Gyllemark Paula, Forsberg Pia, Ernerudh Jan, Henningsson Anna J
Department of Infectious Diseases, Region Jönköping County, SE-551 85, Jönköping, Sweden.
Department of Clinical and Experimental Medicine and Department of Infectious Diseases, Linköping University, Linköping, Sweden.
J Neuroinflammation. 2017 Feb 1;14(1):27. doi: 10.1186/s12974-017-0789-6.
B cell immunity, including the chemokine CXCL13, has an established role in Lyme neuroborreliosis, and also, T helper (Th) 17 immunity, including IL-17A, has recently been implicated.

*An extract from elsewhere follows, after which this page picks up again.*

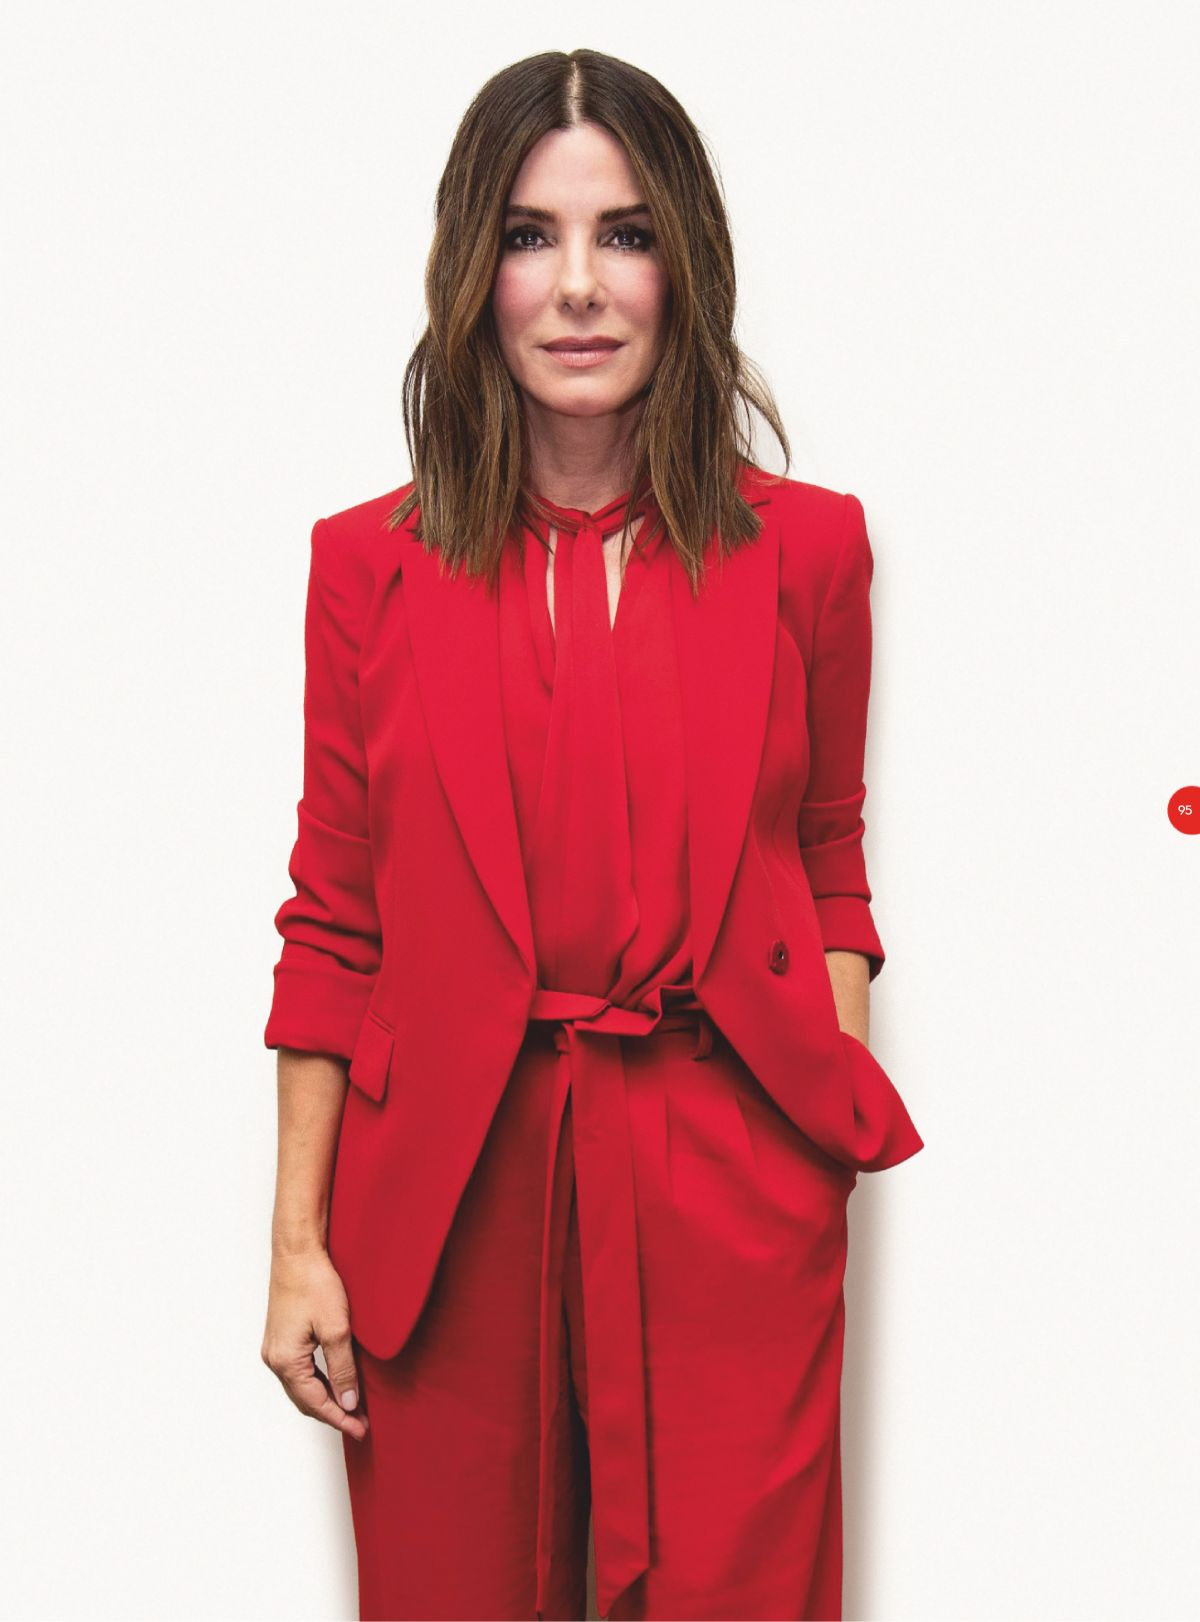 2019 Sandra Bullock nude photos 2019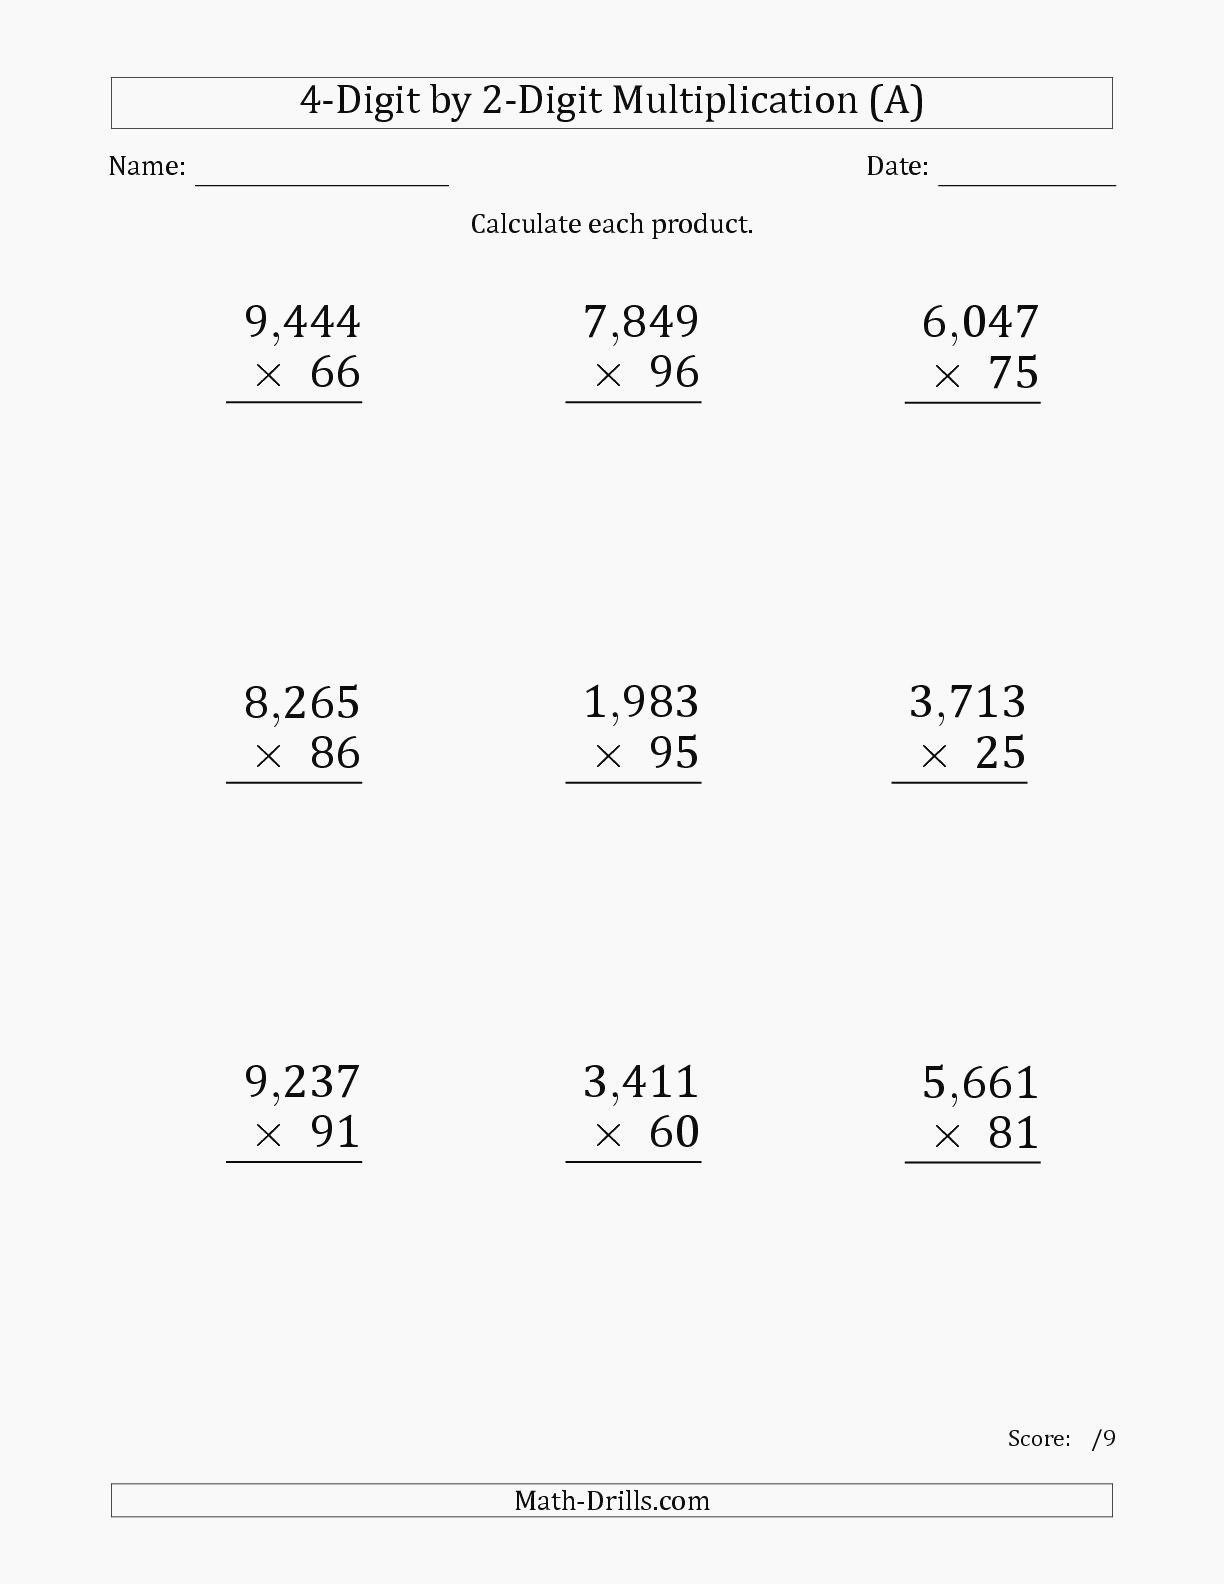 5Th Grade Multiplication Worksheets For Printable. 5Th Grade with Multiplication Worksheets 4 Digits

We analysed a set of cytokines and chemokines associated with B cell and Th17 immunity in cerebrospinal fluid and serum from clinically well-characterized patients with definite Lyme neuroborreliosis (group 1, n = 49), defined by both cerebrospinal fluid pleocytosis and Borrelia-specific antibodies in cerebrospinal fluid and from two groups with possible Lyme neuroborreliosis, showing either pleocytosis (group 2, n = 14) or Borrelia-specific antibodies in cerebrospinal fluid (group 3, n = 14). A non-Lyme neuroborreliosis reference group consisted of 88 patients lacking pleocytosis and Borrelia-specific antibodies in serum and cerebrospinal fluid.
Cerebrospinal fluid levels of B cell-associated markers (CXCL13, APRIL and BAFF) were significantly elevated in groups 1, 2 and 3 compared with the reference group, except for BAFF, which was not elevated in group 3. Regarding Th17-associated markers (IL-17A, CXCL1 and CCL20), CCL20 in cerebrospinal fluid was significantly elevated in groups 1, 2 and 3 compared with the reference group, while IL-17A and CXCL1 were elevated in group 1. Patients with time of recovery <3 months had lower cerebrospinal fluid levels of IL-17A, APRIL and BAFF compared to patients with recovery >3 months.
By using a set of markers in addition to CXCL13 and IL-17A, we confirm that B cell- and Th17-associated immune responses are involved in Lyme neuroborreliosis pathogenesis with different patterns in subgroups. Furthermore, IL-17A, APRIL and BAFF may be associated with time to recovery after treatment.
包括趋化因子CXCL13在内的B细胞免疫在莱姆病神经伯氏疏螺旋体病中已明确发挥作用,并且,包括白细胞介素-17A(IL-17A)在内的辅助性T细胞(Th)17免疫最近也被认为与之相关。
我们分析了一组与B细胞和Th17免疫相关的细胞因子和趋化因子,这些样本来自临床特征明确的确诊莱姆病神经伯氏疏螺旋体病患者(第1组,n = 49)的脑脊液和血清,其定义为脑脊液中存在细胞增多症以及脑脊液中有伯氏疏螺旋体特异性抗体;还来自两组可能患有莱姆病神经伯氏疏螺旋体病的患者,分别表现为细胞增多症(第2组,n = 14)或脑脊液中有伯氏疏螺旋体特异性抗体(第3组,n = 14)。一个非莱姆病神经伯氏疏螺旋体病参考组由88名血清和脑脊液中均无细胞增多症及伯氏疏螺旋体特异性抗体的患者组成。
与参考组相比,第1、2和3组脑脊液中B细胞相关标志物(CXCL13、增殖诱导配体(APRIL)和B细胞活化因子(BAFF))水平显著升高,但第3组中的BAFF未升高。关于Th17相关标志物(IL-17A、CXCL1和CC趋化因子配体20(CCL20)),与参考组相比,第1、2和3组脑脊液中的CCL20显著升高,而第1组中的IL-17A和CXCL1升高。恢复时间<3个月的患者脑脊液中IL-17A、APRIL和BAFF水平低于恢复时间>3个月的患者。
通过使用除CXCL13和IL-17A之外的一组标志物,我们证实B细胞和Th17相关免疫反应参与了莱姆病神经伯氏疏螺旋体病的发病机制,且在亚组中有不同模式。此外,IL-17A、APRIL和BAFF可能与治疗后的恢复时间有关。